Lysates/proteins at 20 µg/Lane.
Exposure time: 20 seconds; ECL: K1801

Blocking: 5% NFDM/TBST, 1 hour at room temperature
Primary antibody: HA721055, 1/5,000 in primary antibody dilution buffer (K1803), overnight at 4 ℃
Secondary antibody: Goat anti-Rabbit IgG-HRP (HA1001), 1/50,000 in 5% NFDM/TBST, 1 hour at room temperature

Predicted band size: 56 kDa
Observed band size: 51 kDa
HA721055_2.jpg Fig2: Immunohistochemical analysis of paraffin-embedded mouse hippocampus tissue with Rabbit anti-Septin 8 antibody (HA721055) at 1/400 dilution.

The section was pre-treated using heat mediated antigen retrieval with Tris-EDTA buffer (pH 9.0) for 20 minutes. The tissues were blocked in 1% BSA for 20 minutes at room temperature, washed with ddH2O and PBS, and then probed with the primary antibody (HA721055) at 1/400 dilution for 1 hour at room temperature. The detection was performed using an HRP conjugated compact polymer system. DAB was used as the chromogen. Tissues were counterstained with hematoxylin and mounted with DPX.
HA721055_3.jpg Fig3: Immunohistochemical analysis of paraffin-embedded mouse brain tissue with Rabbit anti-Septin 8 antibody (HA721055) at 1/400 dilution.

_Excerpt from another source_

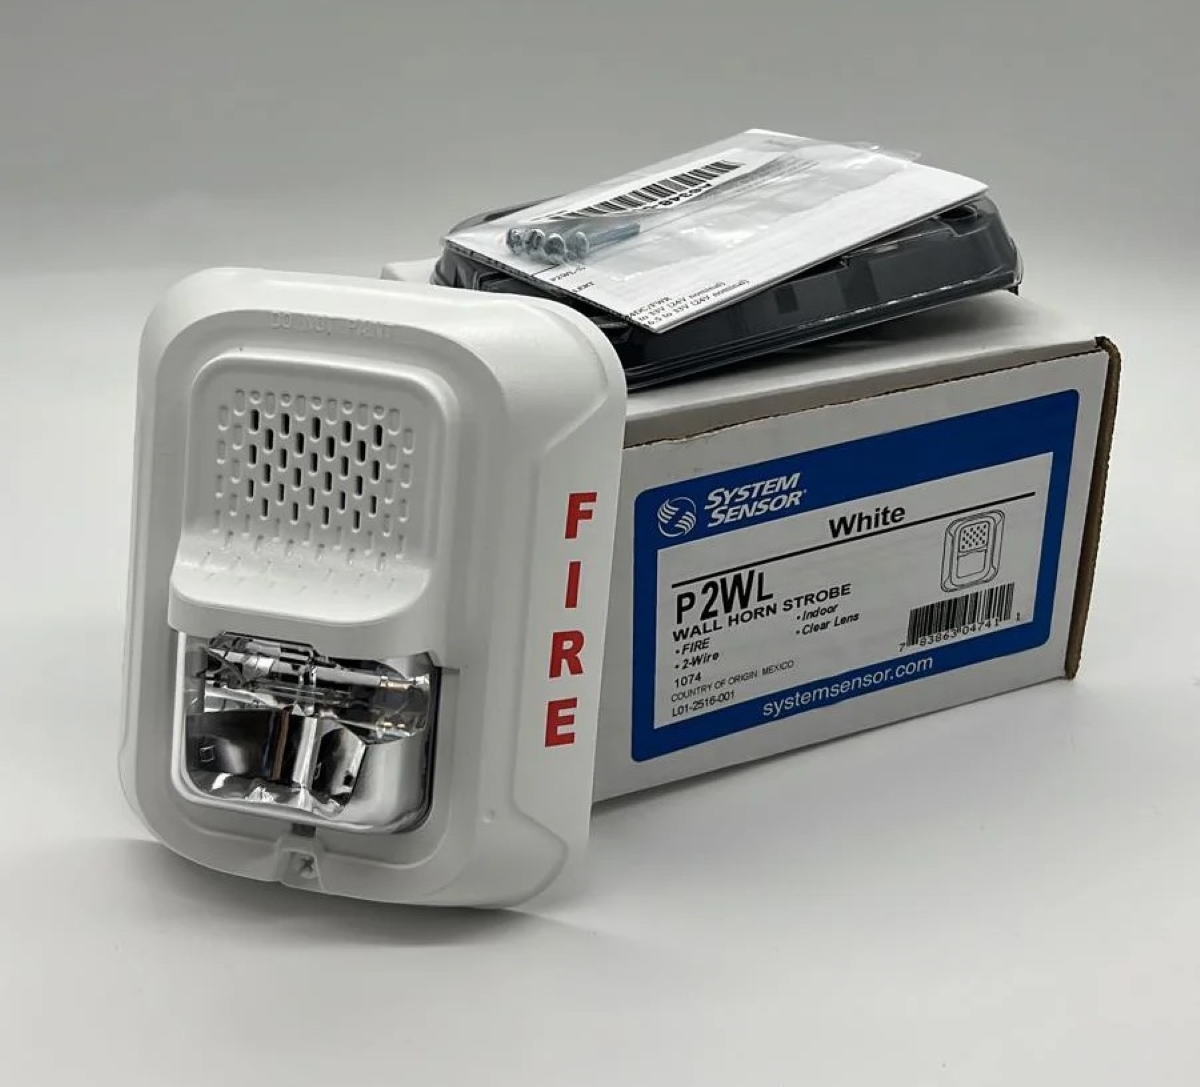 Fire alarm with strobe next to packaged box.

The section was pre-treated using heat mediated antigen retrieval with Tris-EDTA buffer (pH 9.0) for 20 minutes. The tissues were blocked in 1% BSA for 20 minutes at room temperature, washed with ddH2O and PBS, and then probed with the primary antibody (HA721055) at 1/400 dilution for 1 hour at room temperature. The detection was performed using an HRP conjugated compact polymer system. DAB was used as the chromogen. Tissues were counterstained with hematoxylin and mounted with DPX.
HA721055_4.jpg Fig4: Immunohistochemical analysis of paraffin-embedded rat cerebellum tissue with Rabbit anti-Septin 8 antibody (HA721055) at 1/400 dilution.

The section was pre-treated using heat mediated antigen retrieval with Tris-EDTA buffer (pH 9.0) for 20 minutes. The tissues were blocked in 1% BSA for 20 minutes at room temperature, washed with ddH2O and PBS, and then probed with the primary antibody (HA721055) at 1/400 dilution for 1 hour at room temperature. The detection was performed using an HRP conjugated compact polymer system. DAB was used as the chromogen. Tissues were counterstained with hematoxylin and mounted with DPX.
HA721055_5.jpg Fig5: Immunohistochemical analysis of paraffin-embedded rat brain tissue with Rabbit anti-Septin 8 antibody (HA721055) at 1/200 dilution.

The section was pre-treated using heat mediated antigen retrieval with Tris-EDTA buffer (pH 9.0) for 20 minutes. The tissues were blocked in 1% BSA for 20 minutes at room temperature, washed with ddH2O and PBS, and then probed with the primary antibody (HA721055) at 1/200 dilution for 1 hour at room temperature. The detection was performed using an HRP conjugated compact polymer system. DAB was used as the chromogen. Tissues were counterstained with hematoxylin and mounted with DPX.
Note: All products are “FOR RESEARCH USE ONLY AND ARE NOT INTENDED FOR DIAGNOSTIC OR THERAPEUTIC USE”.